И тогда его тоже охватывало желание уйти и владело им безраздельно. Он мечтал найти себя прежнего, стать самим собой. И хотя он не сумел бы, наверное, внятно отдать себе отчет, каким же было то, что утеряно, горечь утраты постоянно напоминала о себе. В одно и то же время он и был самим собой, и отчетливо понимал, что где-то и когда-то утрачено нечто такое, без чего жизнь потерялась сама. Где и когда это случилось, было уже не разобрать. Внешне его жизнь была устроена, но полноты ее не хватало, и ощущение дискомфорта, постепенно усиливаясь, обещало окраситься в более трагические тона.
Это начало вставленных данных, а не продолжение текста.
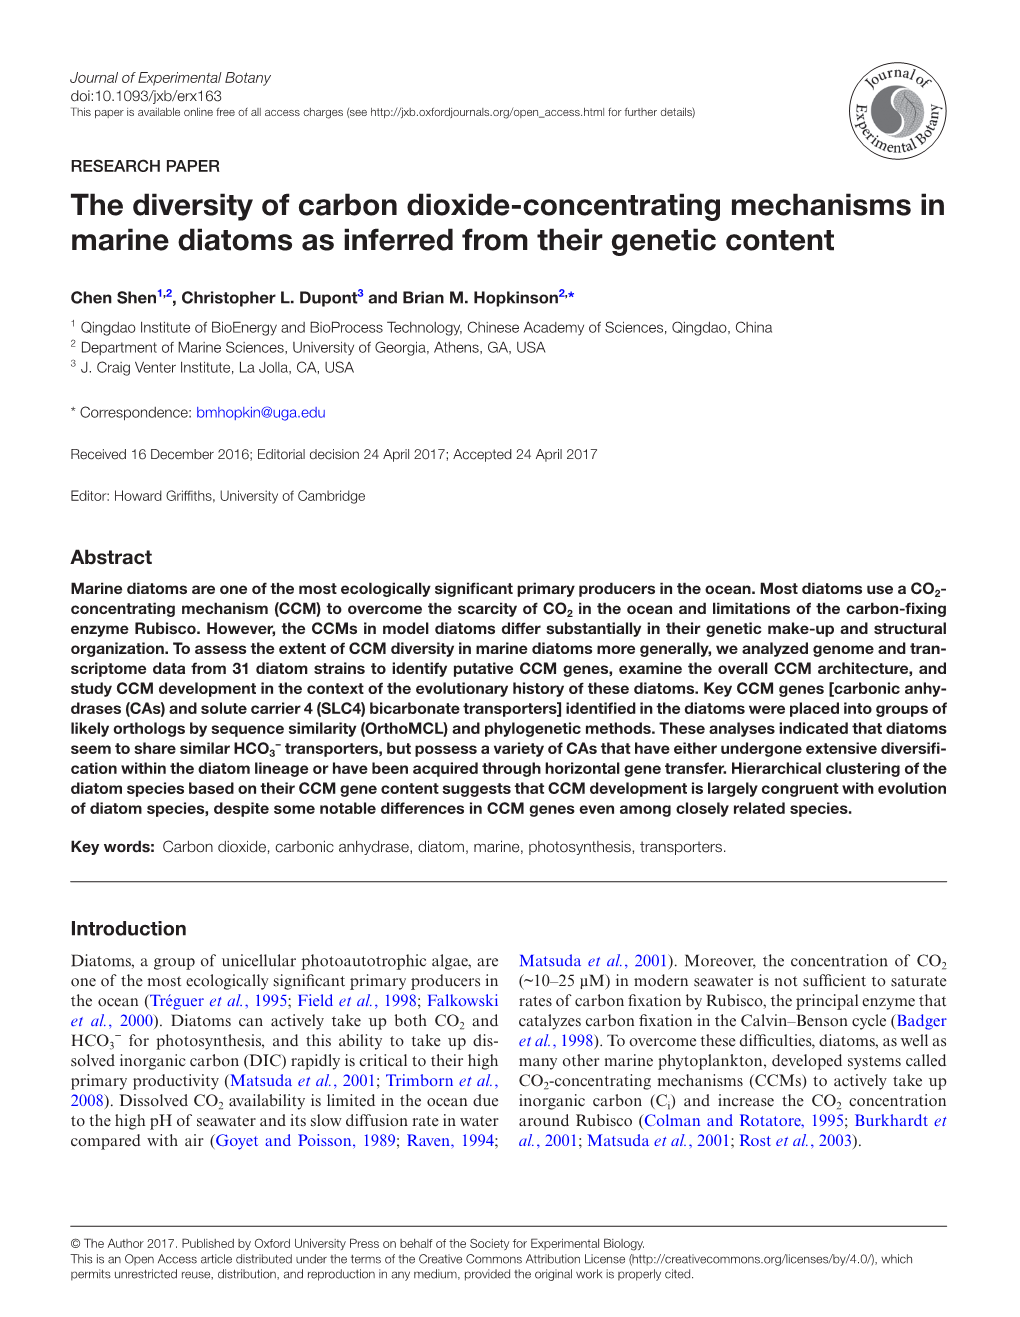 The Diversity of Carbon Dioxide-Concentrating Mechanisms in Marine Diatoms As Inferred from Their Genetic Content

Отныне он был уверен, что стоит ему добраться до академиков, как они, эти мудрые люди, так круто повернувшие свои жизни к какой-то одной им ведомой истине, откроют ему свою великую тайну и он, посвященный, заживет, осиянный новым светом и новым смыслом. И он исподволь стал готовиться к этому паломничеству.
Пятого января он ехал в полдень по Рублевскому шоссе на встречу с владельцем газеты. Ему предстоял разговор о ее реконструкции, которой владелец, в немного тревожном ожидании грядущих президентских выборов, загодя намеревался упредить возможные упреки в политической неблагонадежности. Служебный «Ниссан», то и дело тыкаясь своей самодовольной мордой в кокетливо приподнятую задницу миниатюрного «Рено», медленно полз в череде других машин. Впереди была пробка, справа были дома, а слева бесконечно тянулся серый забор Кремлевской больницы, и по неширокой полосе между забором и шоссе, поросшей березами, ехал на лыжах какой-то человек. Уже стали впереди видны среди приземистых сосен, запудренных инеем, зеленые и бордовые крыши поселка. Кто-то ему говорил, что когда-то на этом месте была деревня. Лыжник нырял в лощинки, мелькала среди стволов его красная спортивная шапка с какой-то синей надписью. «Ниссан» толчками то догонял его и равнялся с ним, то вырывался вперед. Невольно глядя на этого беспечного лыжника, Николай испытал сложное чувство зависти и неприязни. Вот едет, думал он, беспечный человек. Интересно, читал он утром мою газету? Нет, наверное не читал. Значит, он не знает о том, что Хлестакович сказал в Думе, не знает о том, что Украина опять подняла транзитные пошлины на газ, ничего не знает. И ему захотелось выйти из машины, броситься к этому человеку, остановить, хорошенько тряхнуть его и сказать: «Нельзя газет не читать. Помните, что говорил Остап Бендер про тех, кто газет не читает? Убивал бы таких Остап».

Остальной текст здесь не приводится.